### SOURCE MATERIAL
——

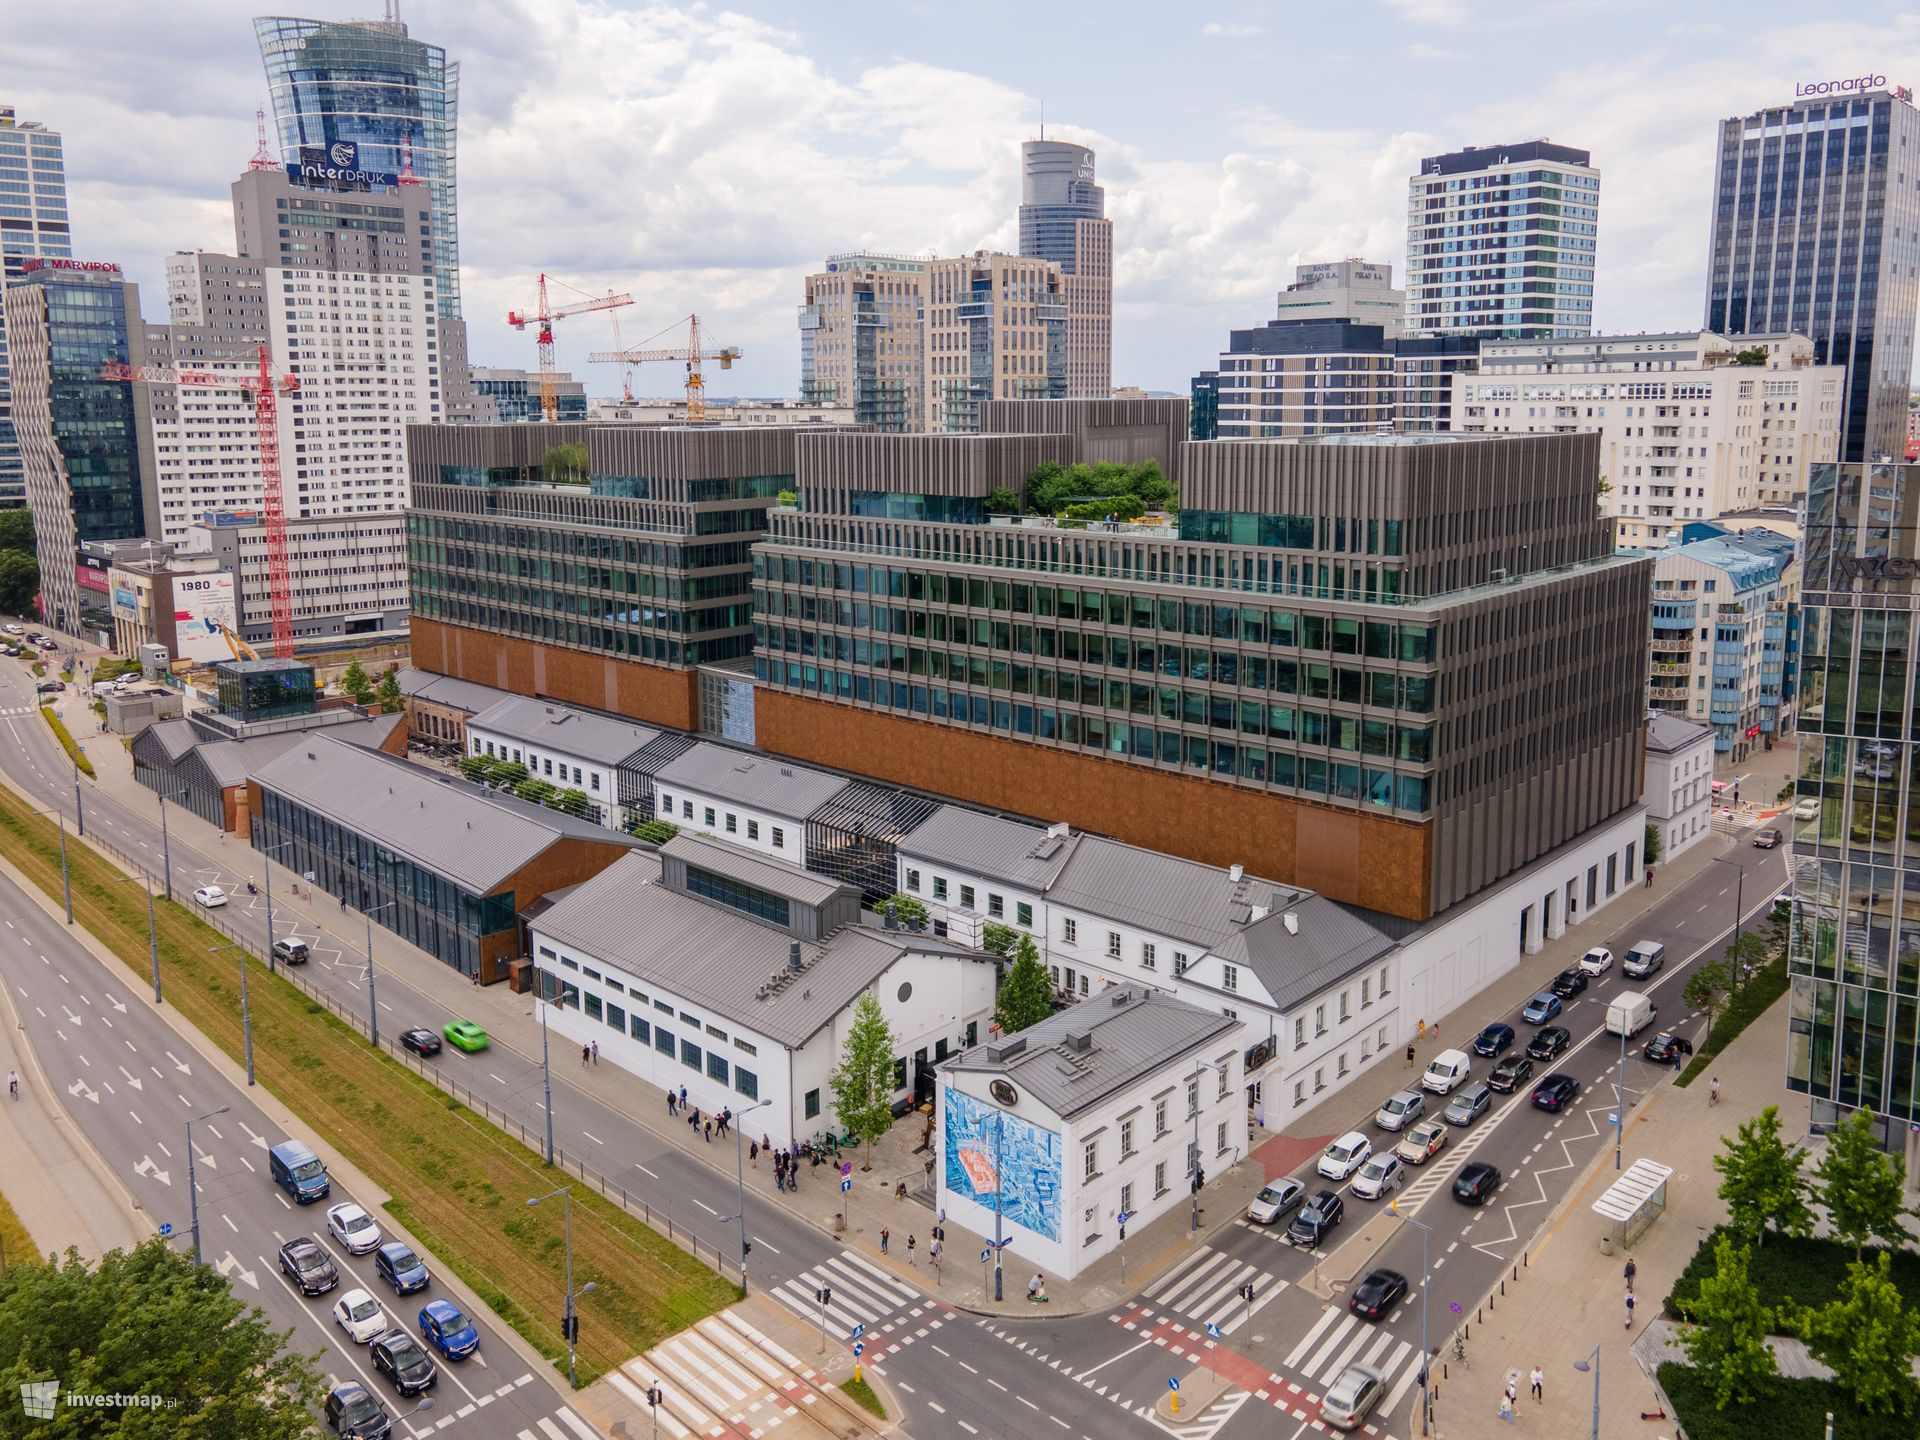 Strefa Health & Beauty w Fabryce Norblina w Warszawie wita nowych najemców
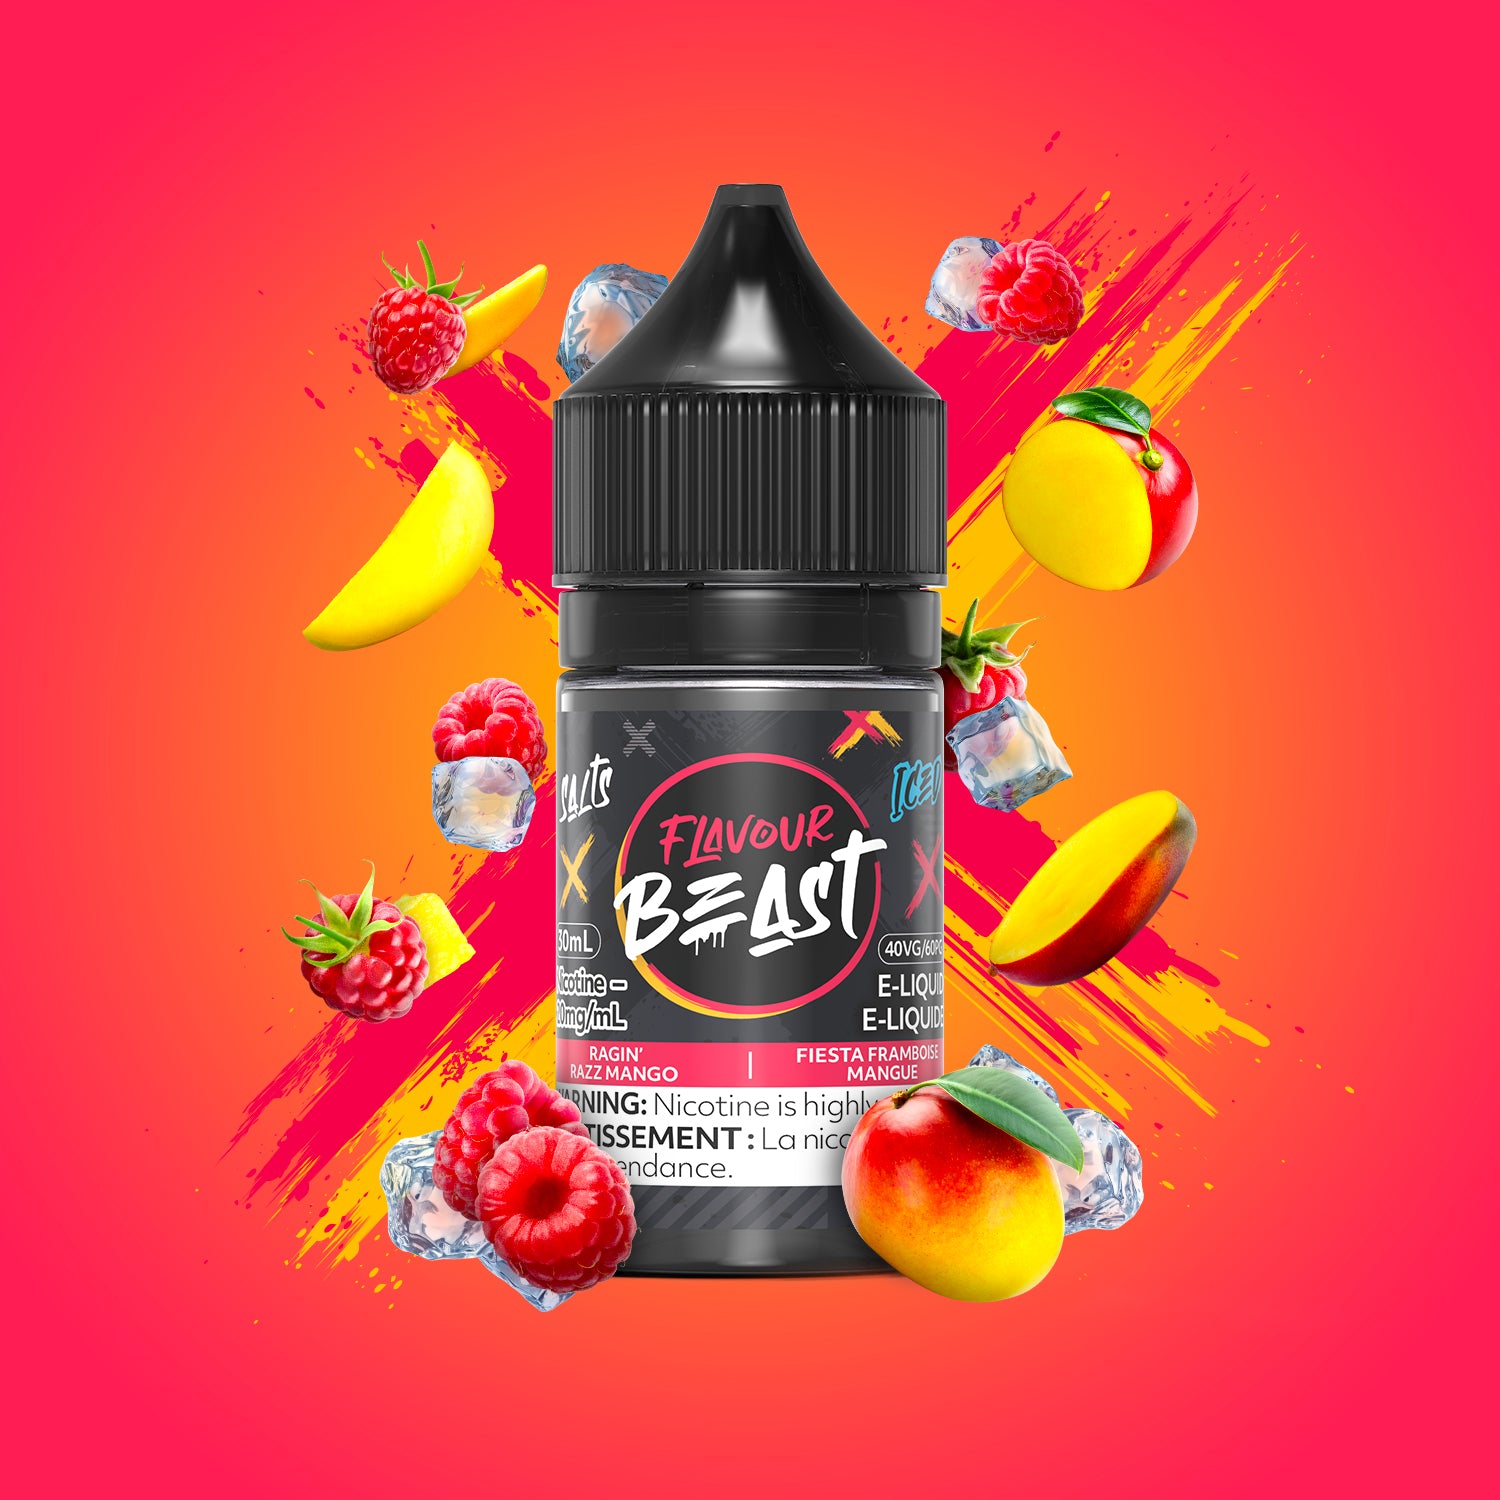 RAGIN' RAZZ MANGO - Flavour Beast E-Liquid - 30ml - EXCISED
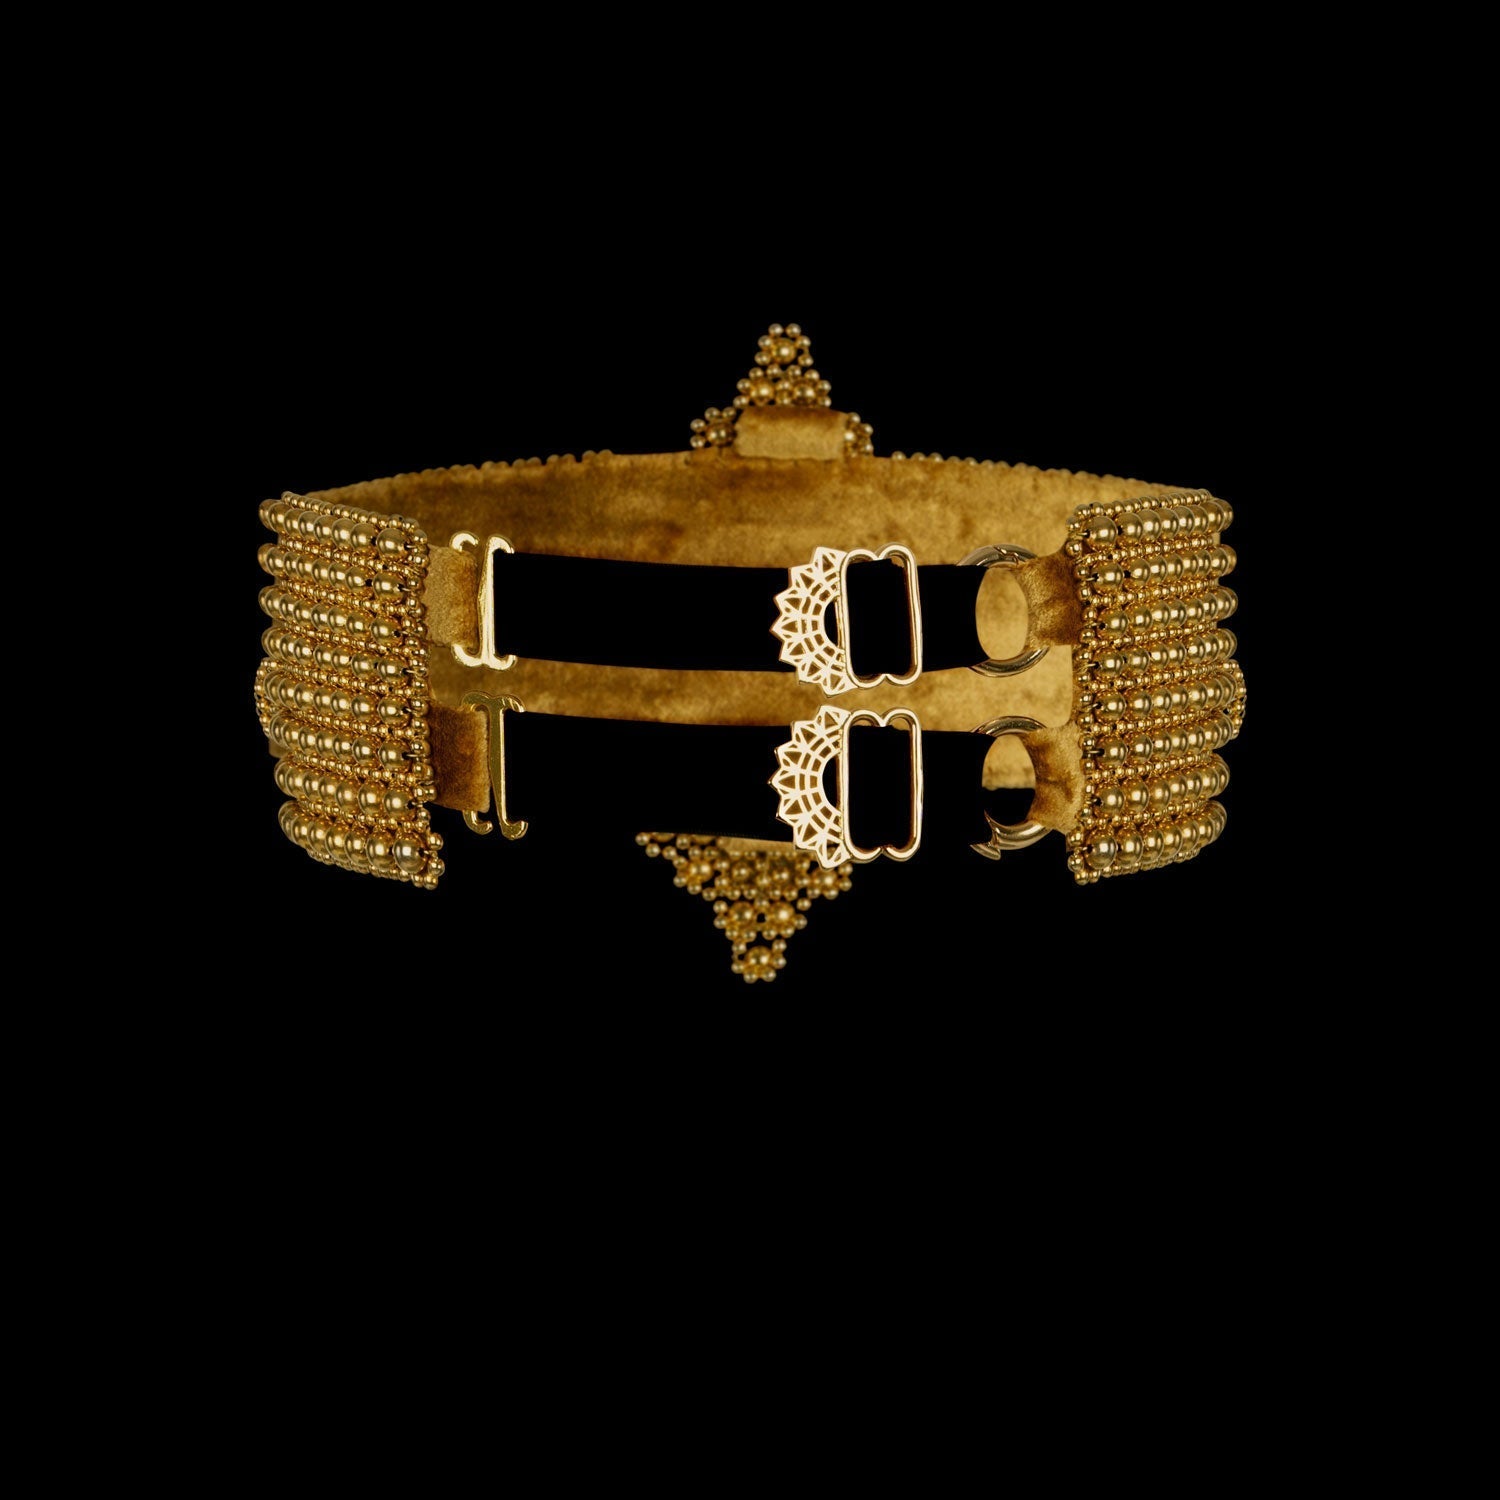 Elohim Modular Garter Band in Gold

——

### TO DO
Please copy the data above exactly; the pictures do not belong in the copy.

### WRITTEN ANSWER
 Strefa Health & Beauty w Fabryce Norblina w Warszawie wita nowych najemców
 RAGIN' RAZZ MANGO - Flavour Beast E-Liquid - 30ml - EXCISED
 Elohim Modular Garter Band in Gold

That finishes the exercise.